I am not asking you to ignore any “mathematical properties”. I am telling you that what you are asking for (“mathematically guaranteed baseline risk invariance”) is not a criterion that can be met by any effect measure, and therefore a red herring. Moreover, I am telling you that given the best insights we have from toxicology about how to model mechanism of action, and given the best insights we have from psychology and philosophy about how to generalize causal effects, the most rational choice is often to start from a simplified biological (rather than mathematical) model that implies stability of the switch relative risk, and then think about all the possible reasons that this biolological model could go wrong:

Is switch prevalence correlated with baseline risk?
Does switch prevalence differ between segments of the population?
Does the drug have non-monotonic effects?

Depending on our views about the plausibility of these threats to validity, we can then make informed choices about whether there is any point at all in going forward with the analysis, and if so, whether there is a need for interaction terms or subgroup analysis, whether we can get point identification or have to settle for partial identification/bounds, whether we need a sensitivity analysis, etc.
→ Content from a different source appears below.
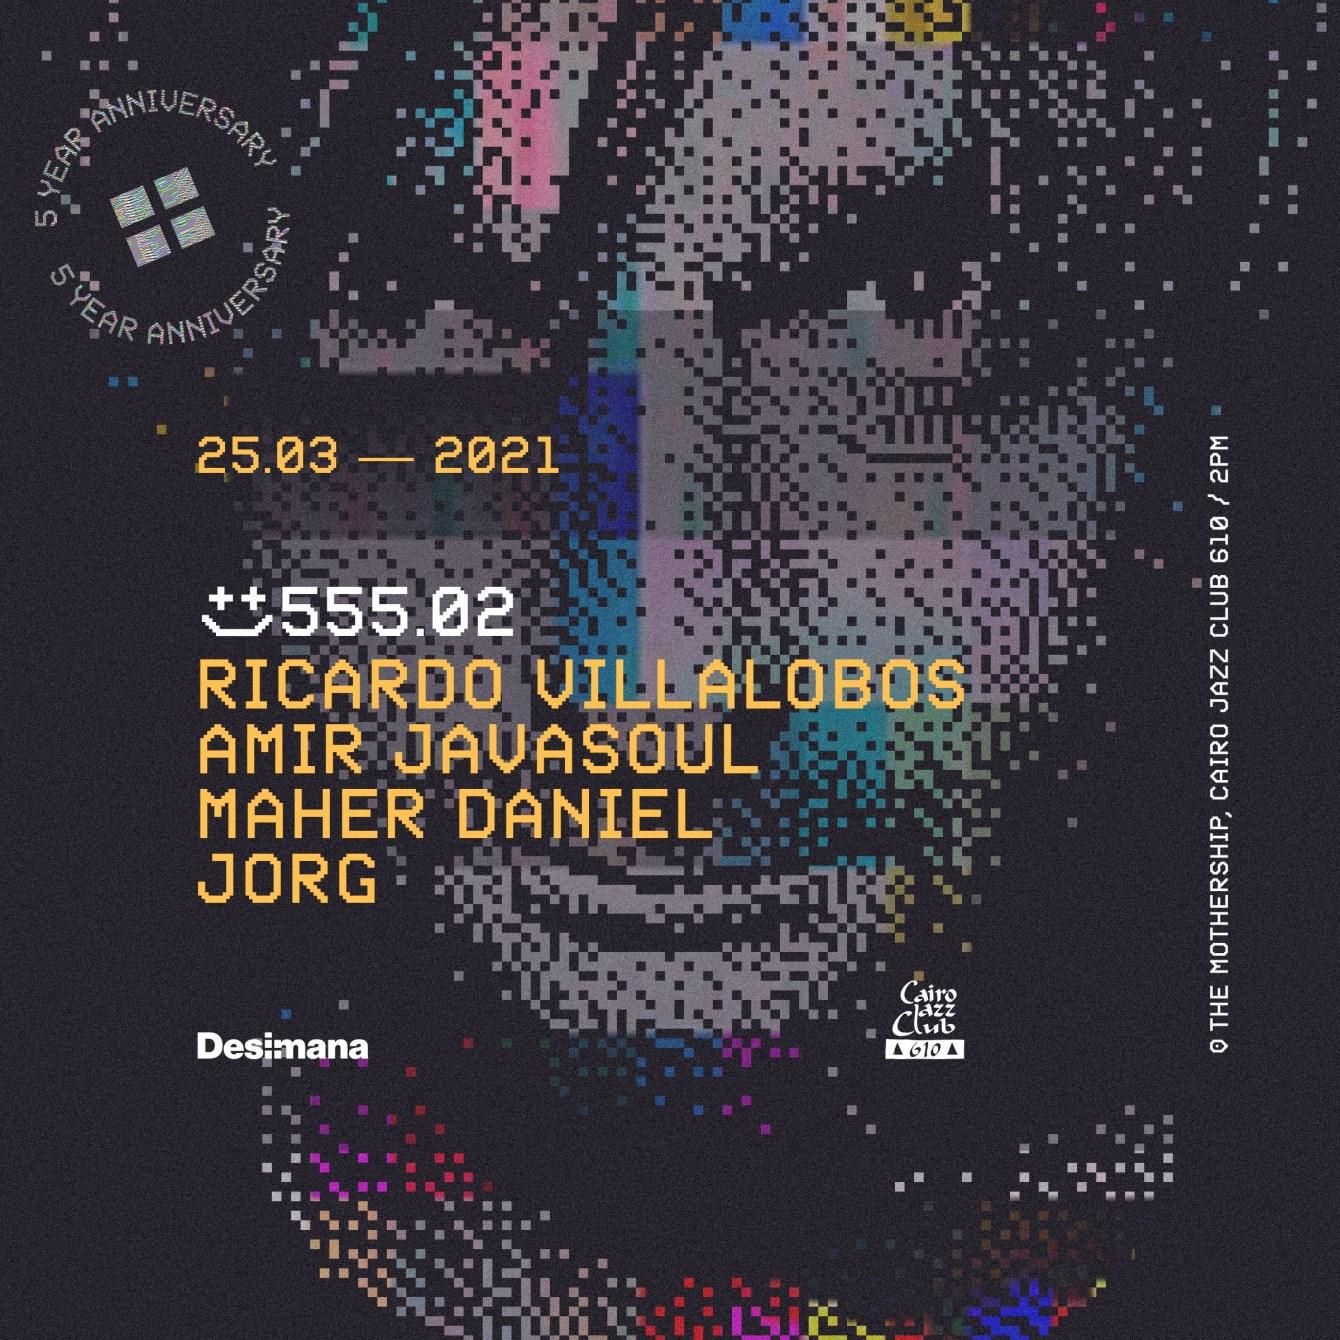 555.02 with Ricardo Villalobos & Guests - Flyer back

I will conclude by saying that the RR and cRR are best interpreted as likelihood ratios and therefore need to be combined for their use as effect measures. The ratio RR/cRR = odds ratio and the latter itself is a likelihood ratio of a different type that connects risk under no-treatment to risk under treatment[6].

This is a complete non sequitur. You have still maybe absolutely no attempt to explain why “interpretation” matters when the actual math is invariant to interpretation, nor why the interpretation as a likelihood ratio prohibits its use as an effect measure, or why the odds ratio is required in order to “connect” risk under treatment to risk under no treatment.